In the figure 6 is a block diagram of an arrangement for Control or regulation of the gas generation, the gas processing and the use of the gas in a carburizing furnace. The carburizing furnace 41 receives carburizing gas from a gas generator 42, which is fed to the furnace 41 through assemblies 43 and 44 is supplied for drying and cleaning the gas. As already mentioned, hydrocarbons are used as fuels in the gas generator 42 burned, and the combustion products are supplied to the carburizing furnace 41 through the gas dryer and the purification equipment. To increase the combustion of the hydrocarbons control, a flow rate measuring device and control valves are provided, which are combined in block 45. These components of the arrangement are controlled by a digital process computer. In addition, the gas dryer 43 is also controlled by the computer 12. A conventional moisture meter and a controller, which are combined in block 46, are provided for this purpose. aside from that the gas cleaning system 44 is also monitored by the computer 12 via a known controller 47. At the outlets of the gas generator 42, the dryer 43 and the cleaning system 44 is the oxygen partial pressure measured by the measuring units 48, 49 and 51. The measuring units 48, 49 and 51 are the newly available ones Provided oxygen sensors with which the equilibrium partial pressure of the oxygen in the gas is measured after each step,

ORIGINAL

from which we can determine the carbon potential of the carburizing gas which is supplied to the Karburierungsofen ^1H. In addition, an arrangement 52 for determining the gas composition and the temperature in the carburizing furnace ¹ M is provided, which feeds the data on these variables to the computer 12. At the same time, with the arrangement 52 via the computer 12, the temperature in the carburizing furnace ^ l is regulated in the usual way.

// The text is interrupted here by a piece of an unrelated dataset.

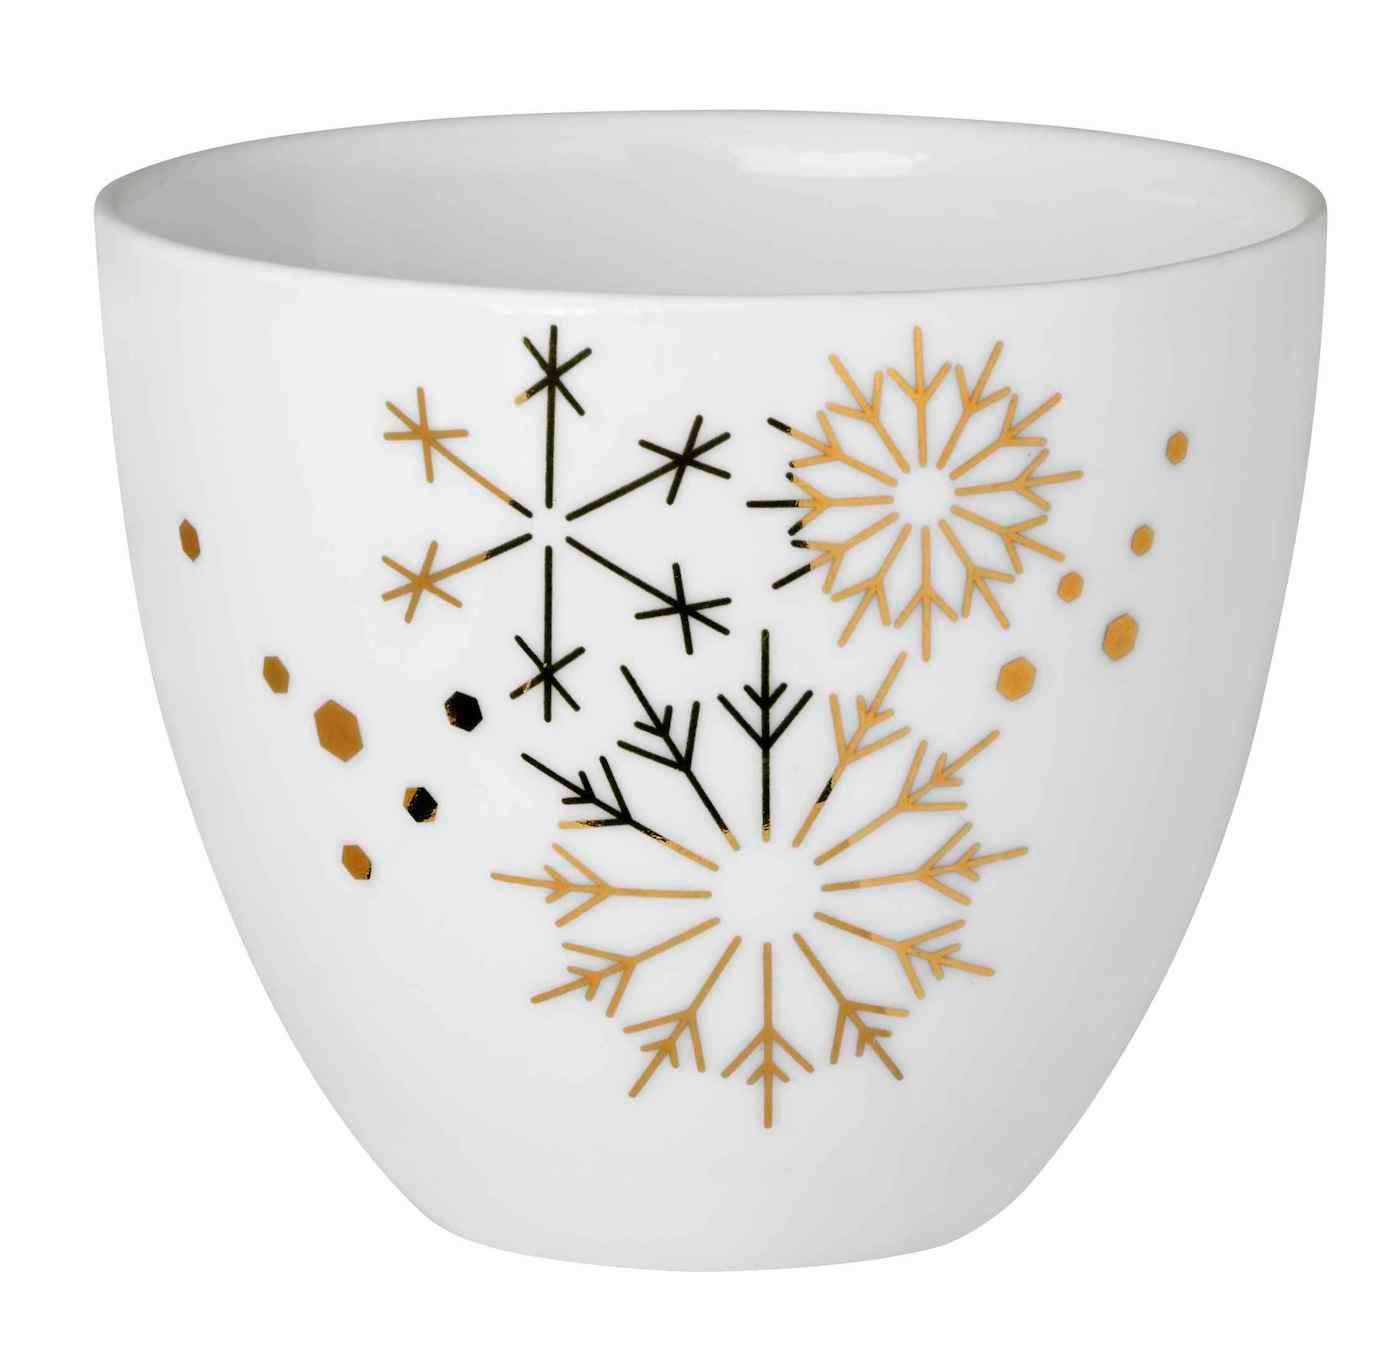 Räder Design Teelichthalter Porzellanlicht Schneeflocken Gold Porzellan weiß gold H6,5cm

The arrangement according to FIG. 6 is used for the carburizing furnace 4l carburizing gas with a certain carbon potential to generate and control. For this purpose, the equilibrium partial pressure the oxygen measured at the outlet of each stage, which is required for the generation of the carburizing gas, and each stage is controlled to optimize the carbon potential of the carburizing gas. The occurring here

~ 12 ~ 20

Oxygen partial pressures can be anywhere from 10 to 10 atmospheres, and so are the newly available oxygen sensors particularly well suited for use in the arrangement according to FIG.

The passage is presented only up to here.